Exercise goal.
Please retype the data in full and exactly; the pictures are not part of the copy.

Collected data.
= Beginning of Section =

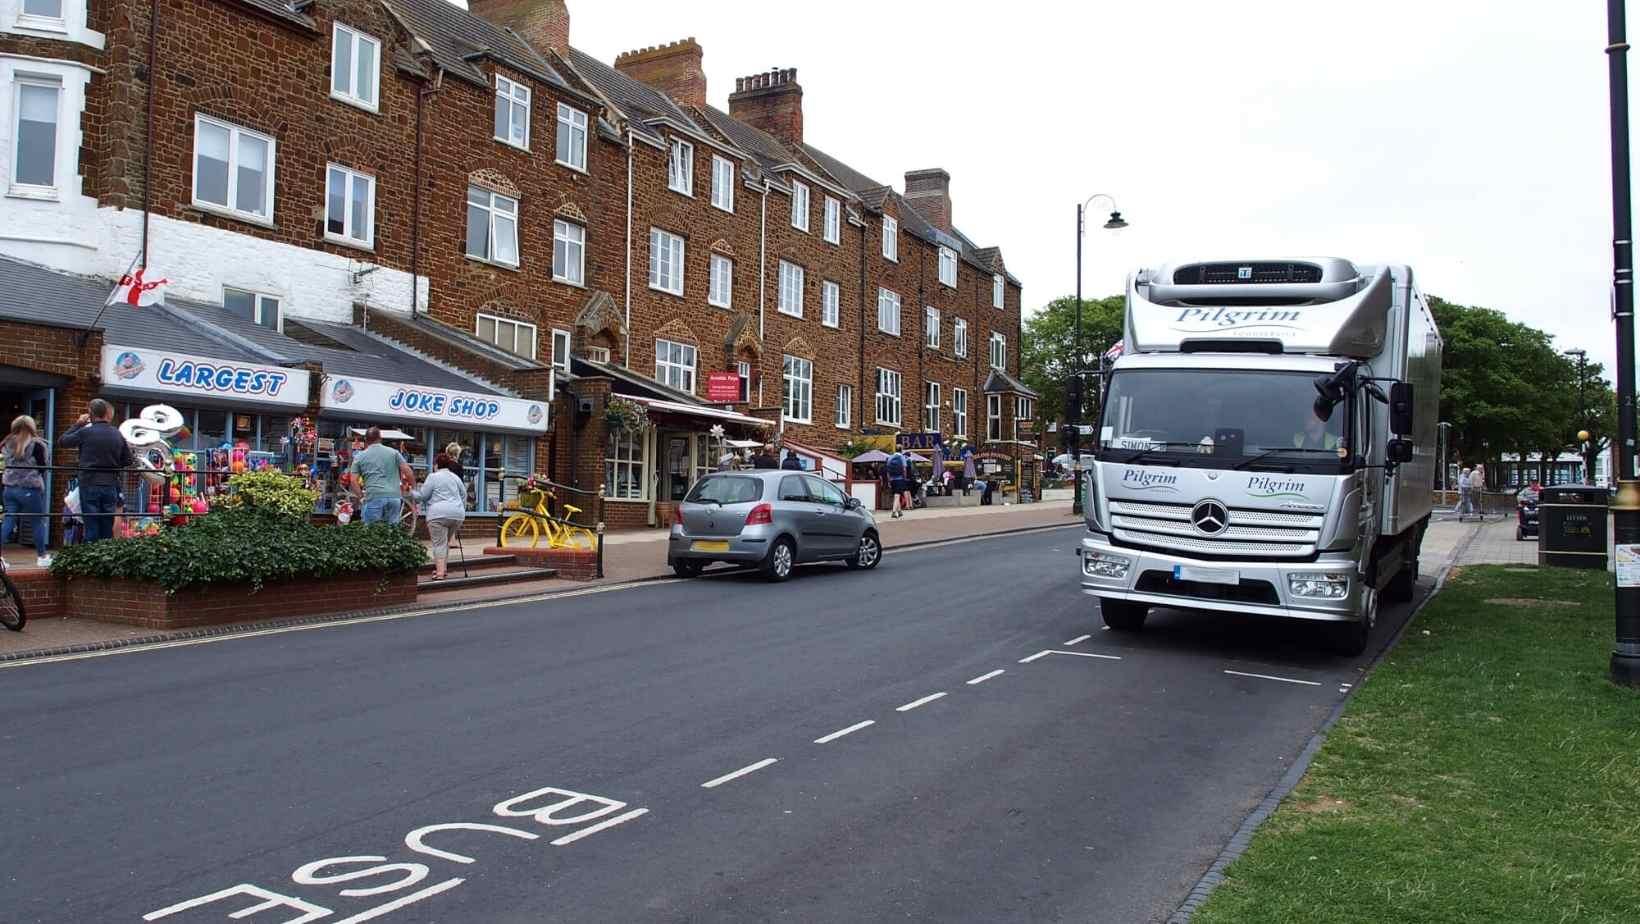 Șoferii de camion din UE nu vor să conducă pentru britanici. Relaxarea normelor de cabotaj ar putea fi singura soluție pentru acoperirea deficitului de șoferi în Marea Britanie
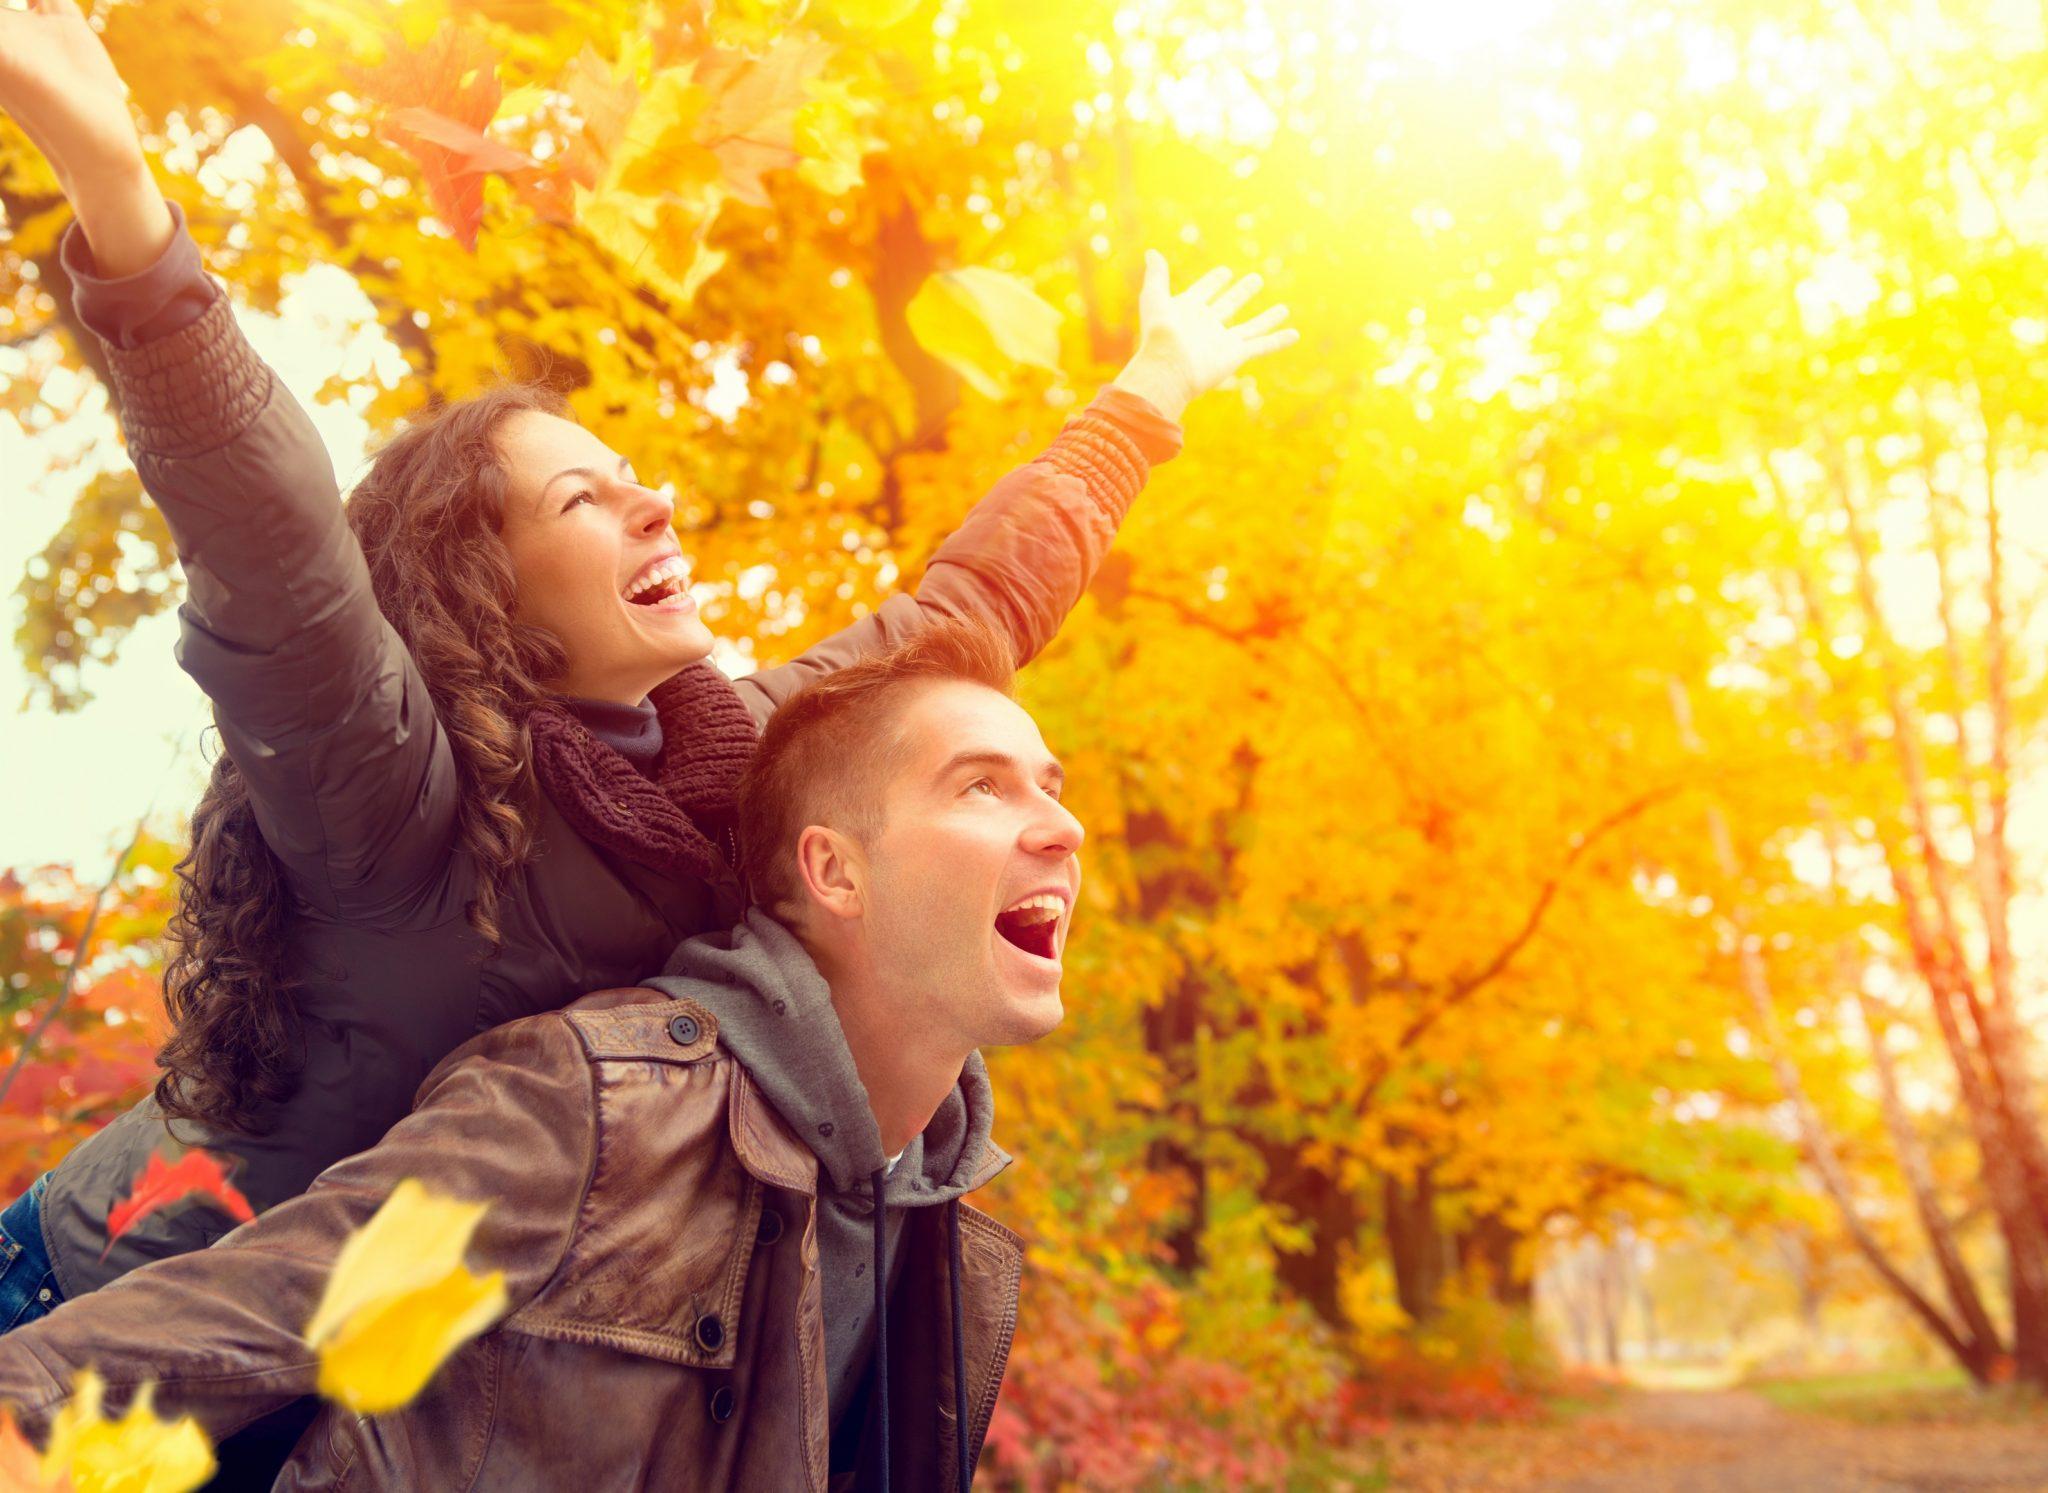 mulher feliz nas costas do homem amado
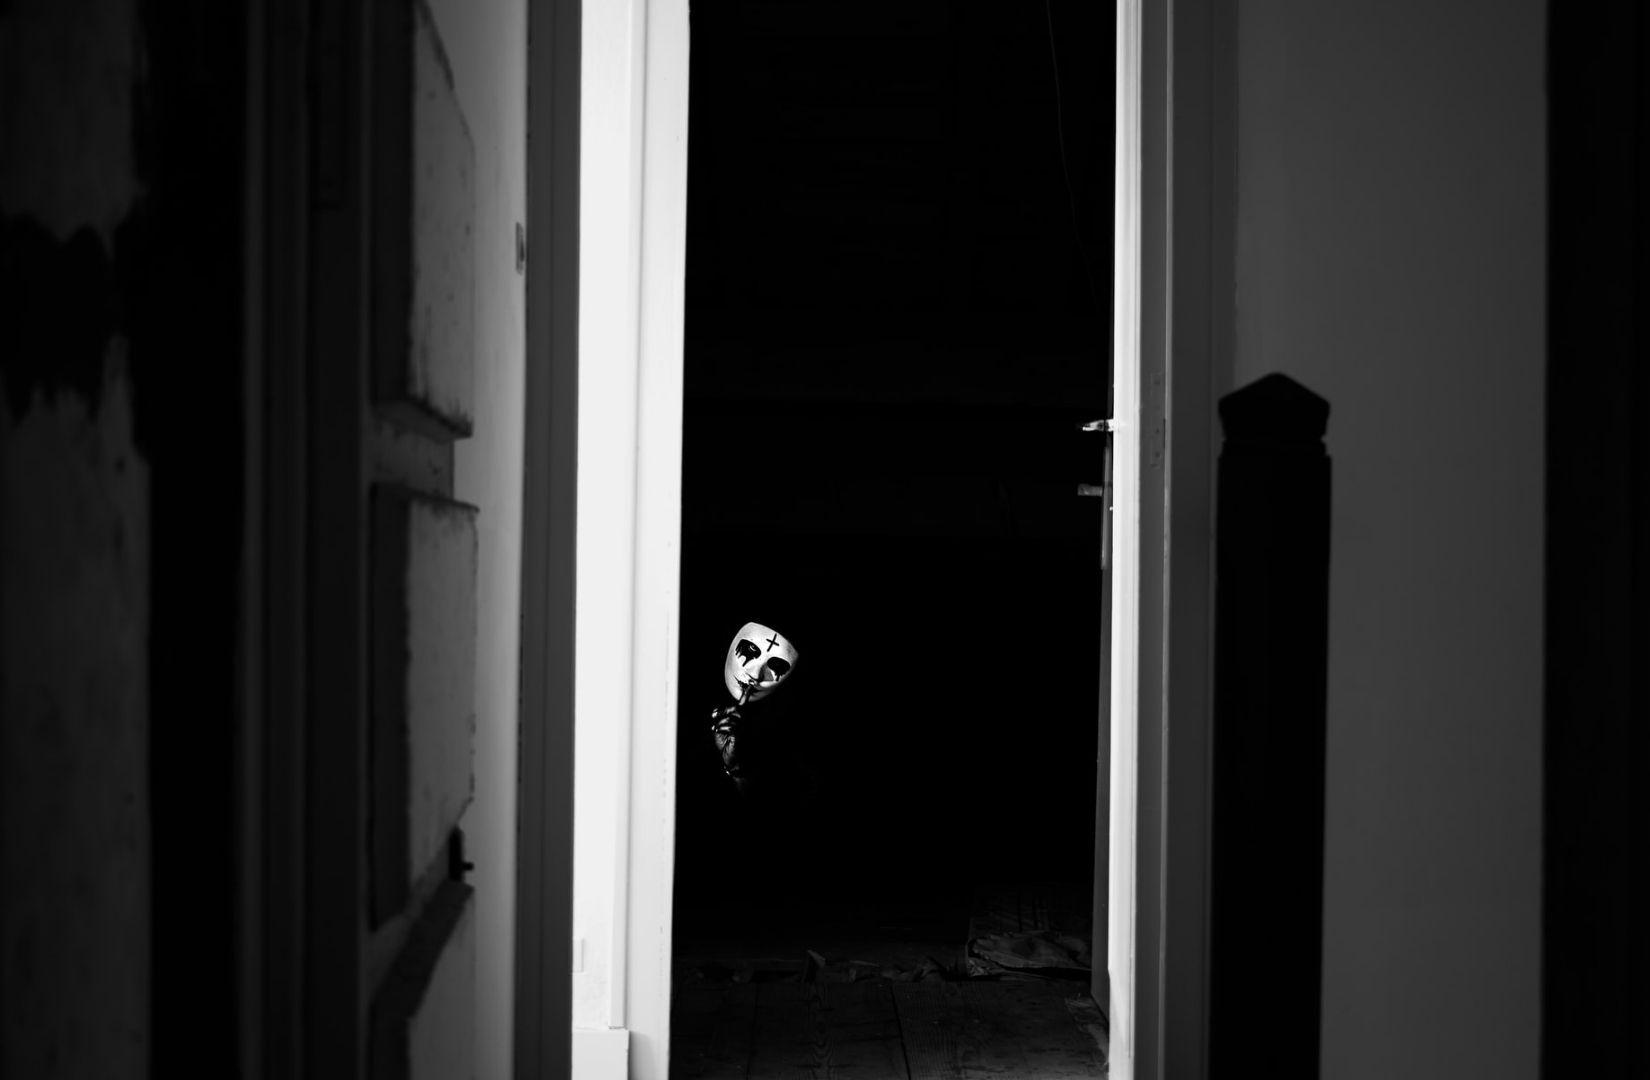 Eine offene Tür als Zustimmung zu einem unerwünschten Besuch. (Foto: Enzo B, Unsplash.com)

= End of Section =

Written response.
 Șoferii de camion din UE nu vor să conducă pentru britanici. Relaxarea normelor de cabotaj ar putea fi singura soluție pentru acoperirea deficitului de șoferi în Marea Britanie
 mulher feliz nas costas do homem amado
 Eine offene Tür als Zustimmung zu einem unerwünschten Besuch. (Foto: Enzo B, Unsplash.com)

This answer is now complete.